Cytolytic activity of tumour-specific T cells
After six weekly stimulations with CRCL-pulsed mature DC, cytotoxicity assays were performed to address whether antigen-specific CTL could lyse the SKOV3-A2 targets. Stimulated PBMC from all three healthy individuals (Fig. 3a) lysed the SKOV3-A2 targets. To determine MHC restriction of these T cell lines, we examined the cytotoxicity against cells not expressing HLA-A2 (SKOV3) and no lysis was observed. Some NK-mediated cytotoxicity was observed as indicated by lysis of the NK sensitive target K562. K562 cells transfected to express A2 had comparable lysis to A2 negative parental K562. These data demonstrated that tumour-derived CRCL is capable of generating CTL specific to the tumour of origin of CRCL. In contrast, CRCL loaded DC-stimulated PBMC from ovarian cancer patients demonstrated specific cytotoxicity in only one of the four patients studied (Fig. 3b). Although recognition of tumour antigen was observed as documented by IFN-γ secretion (Fig. 2b), lysis of target tumour cells was not detected in patients 1 and 4 (Fig. 3b). Patient 3, whose T cells demonstrated substantial lysis of SKOV3-A2 targets, also demonstrated the highest IFN-γ secretion by ELISPOT (Fig. 2b).

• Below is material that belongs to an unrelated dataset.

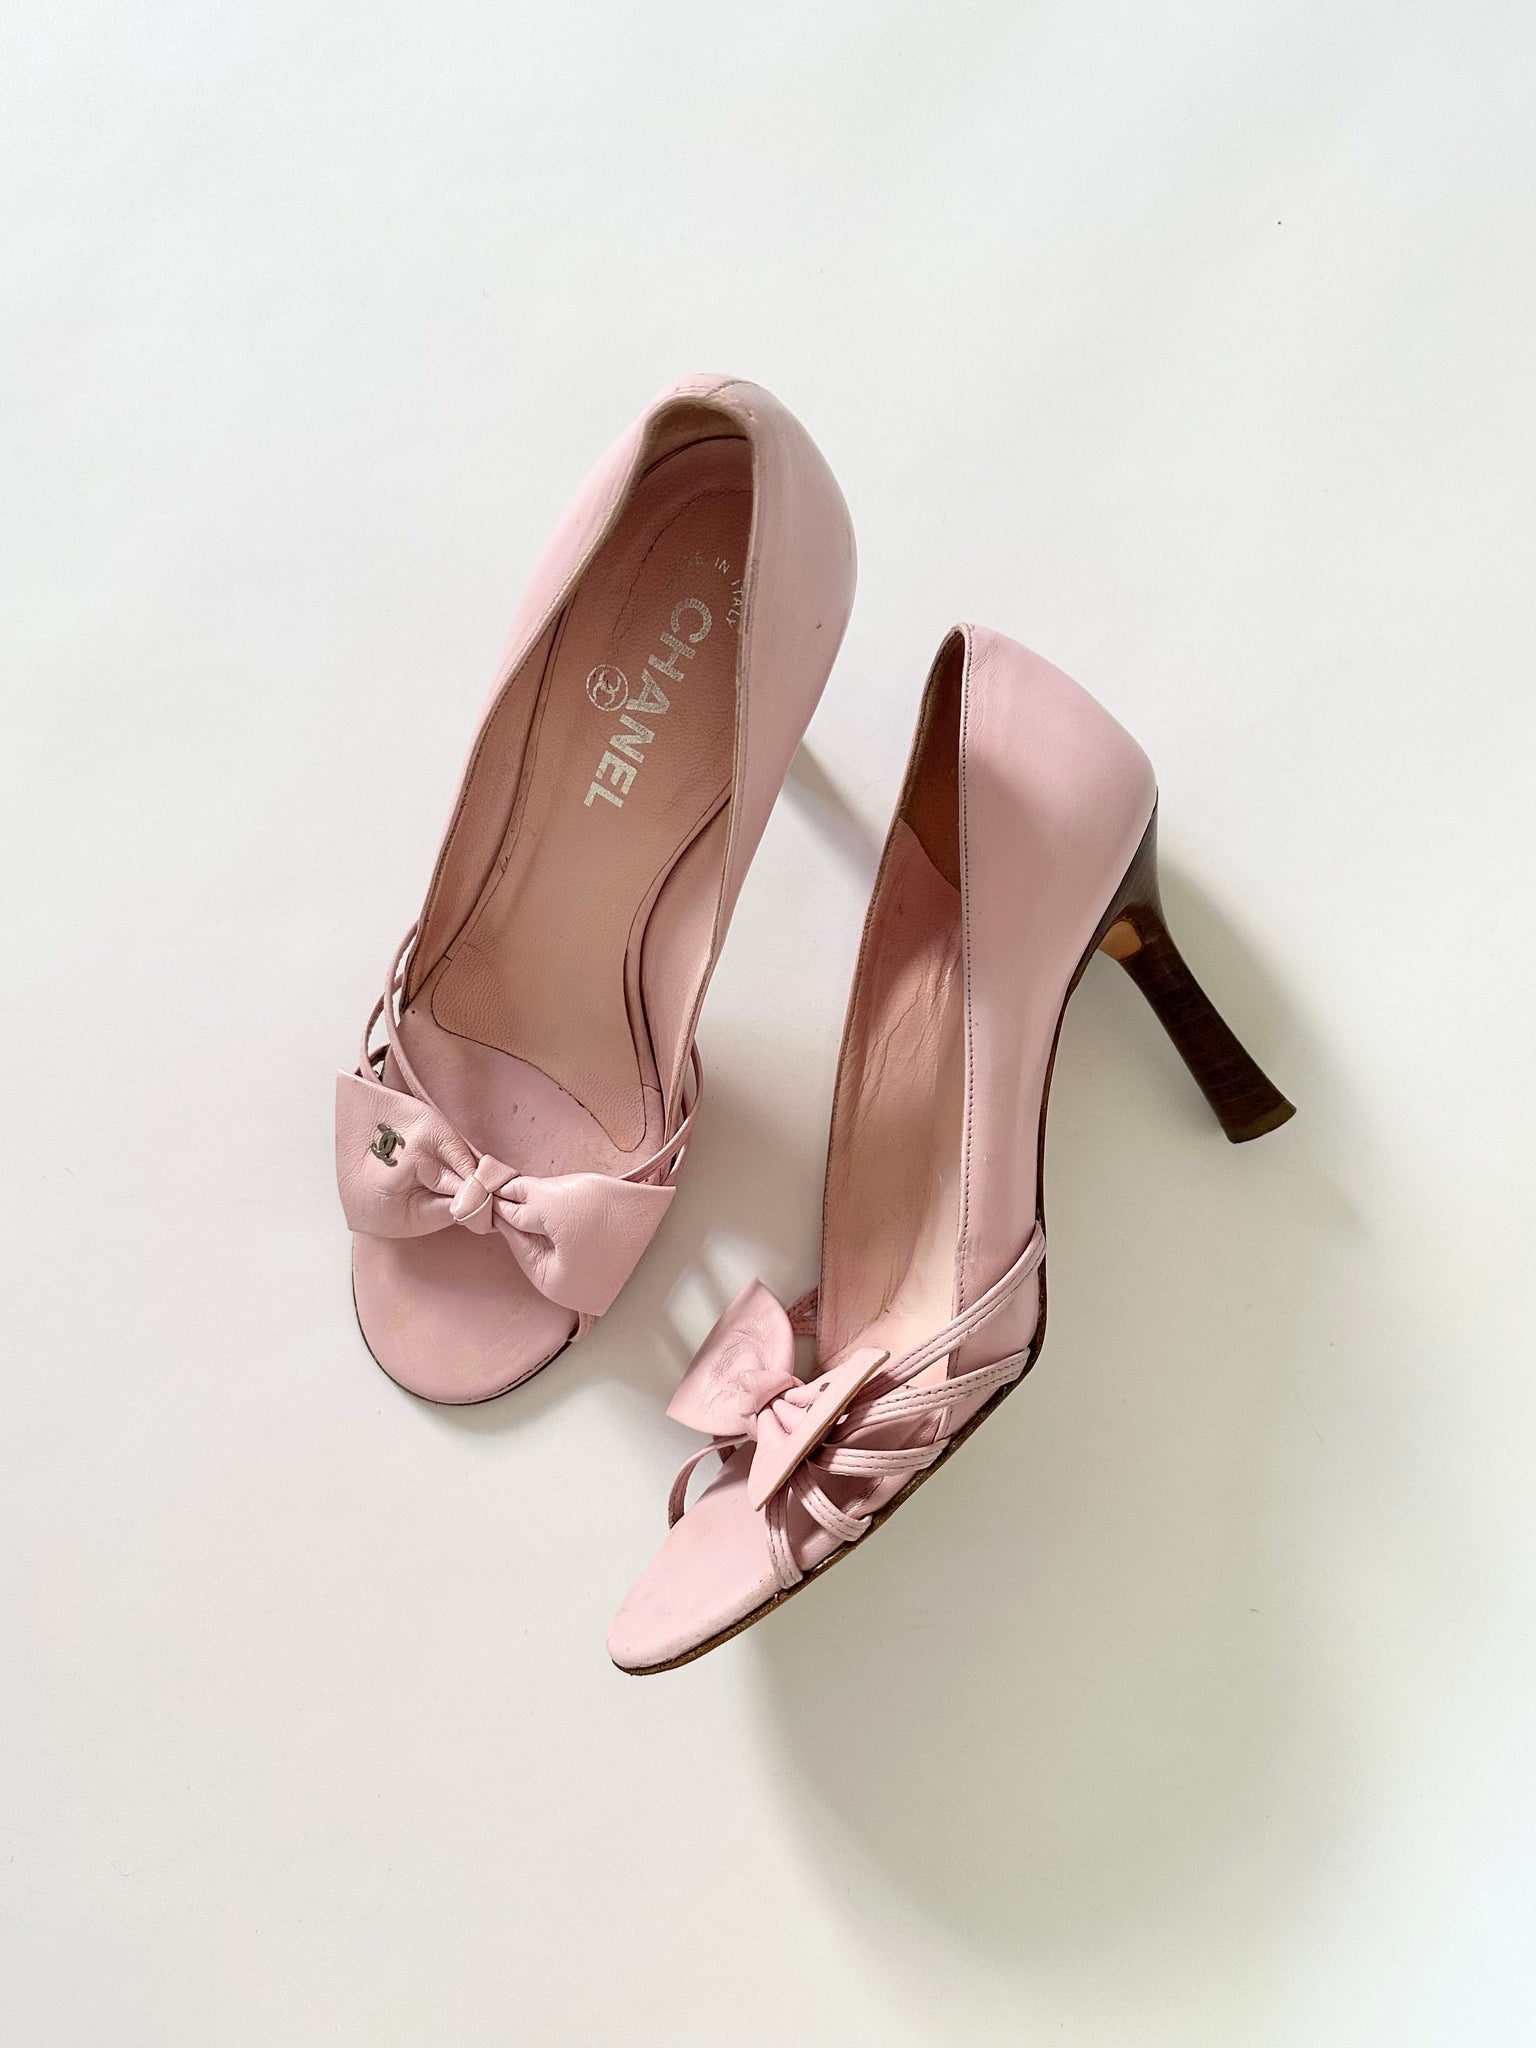 CHANEL, Shoes, Chanel Cc Embroidered Slingback Pumps

Cytolytic activity of CRCL-stimulated versus peptide-stimulated T cells
HLA-A2 restricted peptides have been shown to be potent CTL stimulators and antigens. We compared our CRCL stimulation with that by HER2/neu peptide. As shown in Fig. 4a, HER2/neu-stimulated T cells lysed T2 cells pulsed with HER2/neu peptide and SKOV3-A2 cells, which express and present this peptide. Importantly, CRCL-stimulated T cells lysed T2 cells pulsed with HER2/neu in addition to lysing the original SKOV3-A2 cells (Fig. 4b), correlating the results of our IFN-γ ELISPOT assays. This implies the presence of the HER2/neu antigen in the SKOV3-A2-derived CRCL preparations.
Cytotoxicity of the stimulated PBMC is mediated mainly by CD8+ T cells
Flow cytometric analysis demonstrated that CRCL-stimulated PBMC were comprised mainly of CD4+ and CD8+ T cells. In all healthy donors and patients 1, 3 and 4, CD4+ and CD8+ T cells attributed to 60–70% and 20–30%, respectively, of bulk cell culture after six weekly stimulations (Fig. 5a,b). In contrast, the CD8+ T cell population of patient 2 was dramatically lower at only 6% compared to 25% before stimulation (data not shown), suggesting that there were defects in the CD8+ T cell growth in this patient. This lower number of CD8+ T cells correlated with lower IFN-γ (Fig. 2b) production and cytotoxicity (Fig. 3b) in this patient. The percentages of CD56+ (NK cells) and CD14+ (monocytes) cells were low (1% and 1–3%, respectively) in both healthy donors and ovarian patients.
To confirm that the cytotoxicity of the stimulated PBMC was mediated by CTL, we isolated CD4+ and CD8+ T cells from bulk cultures and performed 51Cr release assays. As demonstrated in Fig. 6, SKOV3-A2 targets were lysed primarily by CD8+ T cells. There was some K562 cell lysis induced by bulk cell culture compared to CD4+ or CD8+ T cells, suggesting that the overall cytotoxicity of bulk-stimulated PBMC was also comprised of NK cell-mediated lysis, but at much lower levels than that of CD8+ T cells. These results, together with the absence of cytotoxicity against SKOV3 (HLA-A2-negative) target cells, indicate that the cytotoxicity against the tumour, from which CRCL originated (SKOV3-A2), can be attributed mainly to MHC class I (HLA-A2)-restricted CD8+ T cells.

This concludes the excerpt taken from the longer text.